Las extravagantes peripecias duran cerca de ocho meses y Cervantes las contó en dos partes: la primera fue publicada en 1605 y la segunda, en 1615. Al final, cuando Don Quijote se muere, sucede algo extraordinario: recobra la razón y le dice a Sancho: "Perdóname, amigo, de la ocasión que te he dado de parecer loco como yo, haciéndote caer en el error en que yo he caído de que hubo y hay caballeros andantes en el mundo".

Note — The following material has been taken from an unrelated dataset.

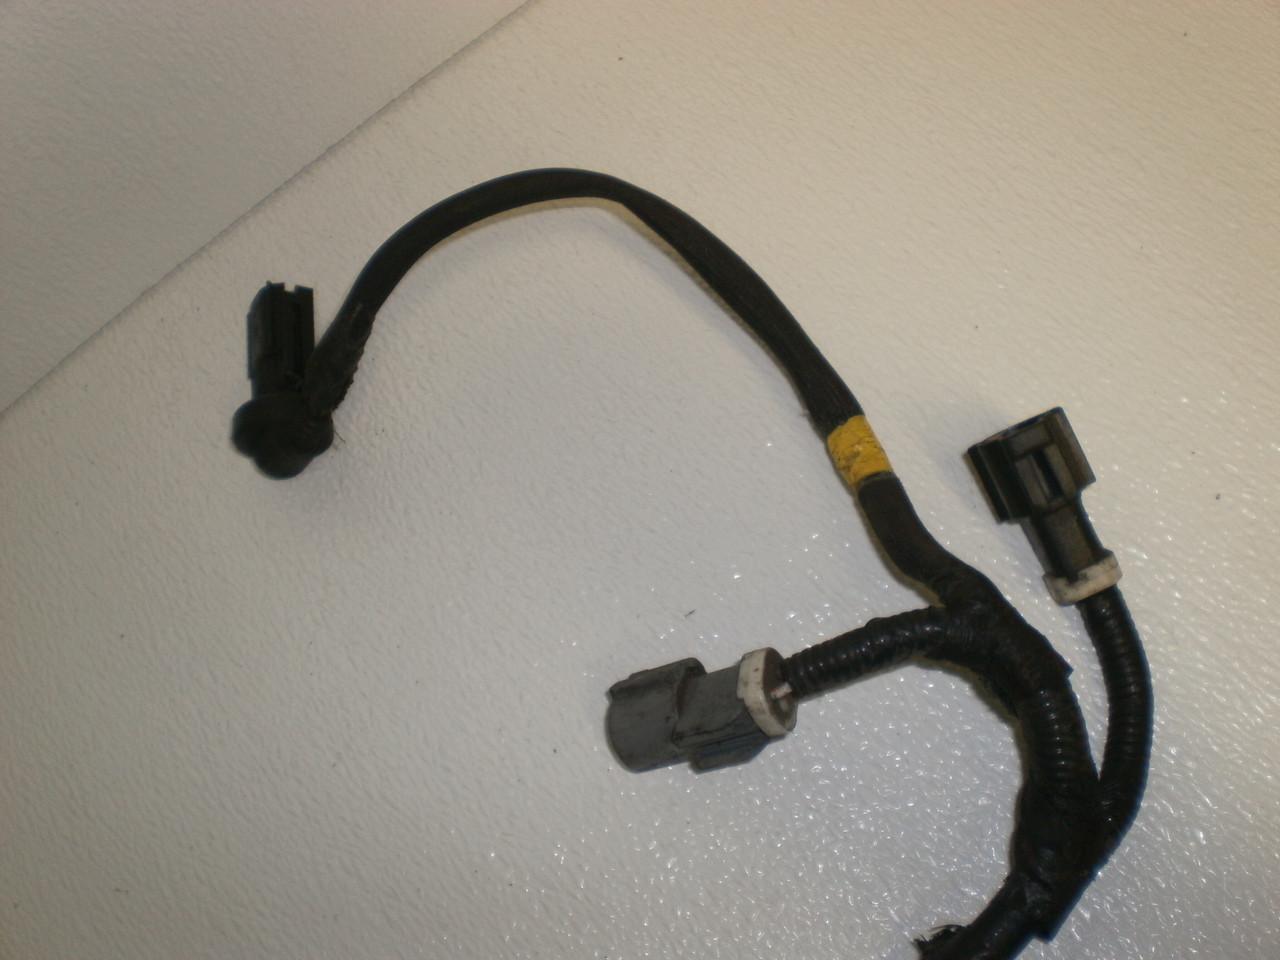 medium resolution of  1996 1998 ford mustang 4 6 crank timing sprocket v8 on pet harness safety harness

Esta frase está fundada en la experiencia vivida por Don Quijote y su escudero. Porque la novela trata del modo en que la ficción se inmiscuye en nuestras vidas y las cambia, y de la forma en que cada uno de nosotros, al intentar cumplir nuestros sueños y obsesiones, al enfrentarnos cara a cara con nuestros deseos más recónditos, logramos modificar el sentido de la fantasía y la irrealidad que también forman parte de nuestra existencia. El nudo de la novela está en el dramático choque que se produce cuando Don Quijote experimenta en carne propia la irrealidad de las imágenes que poblaban su cabeza. Pero esto es una metáfora: su locura estaba en creer que las mentiras de los cuentos de caballería eran la más pura verdad y que la ficción era la más pura realidad. Cuatrocientos años después, nada cambió: las mentiras son siempre mentiras, la ficción es la ficción y la verdad es que la única vida posible -hagamos lo que hagamos- es la que nos toca vivir en el mundo real.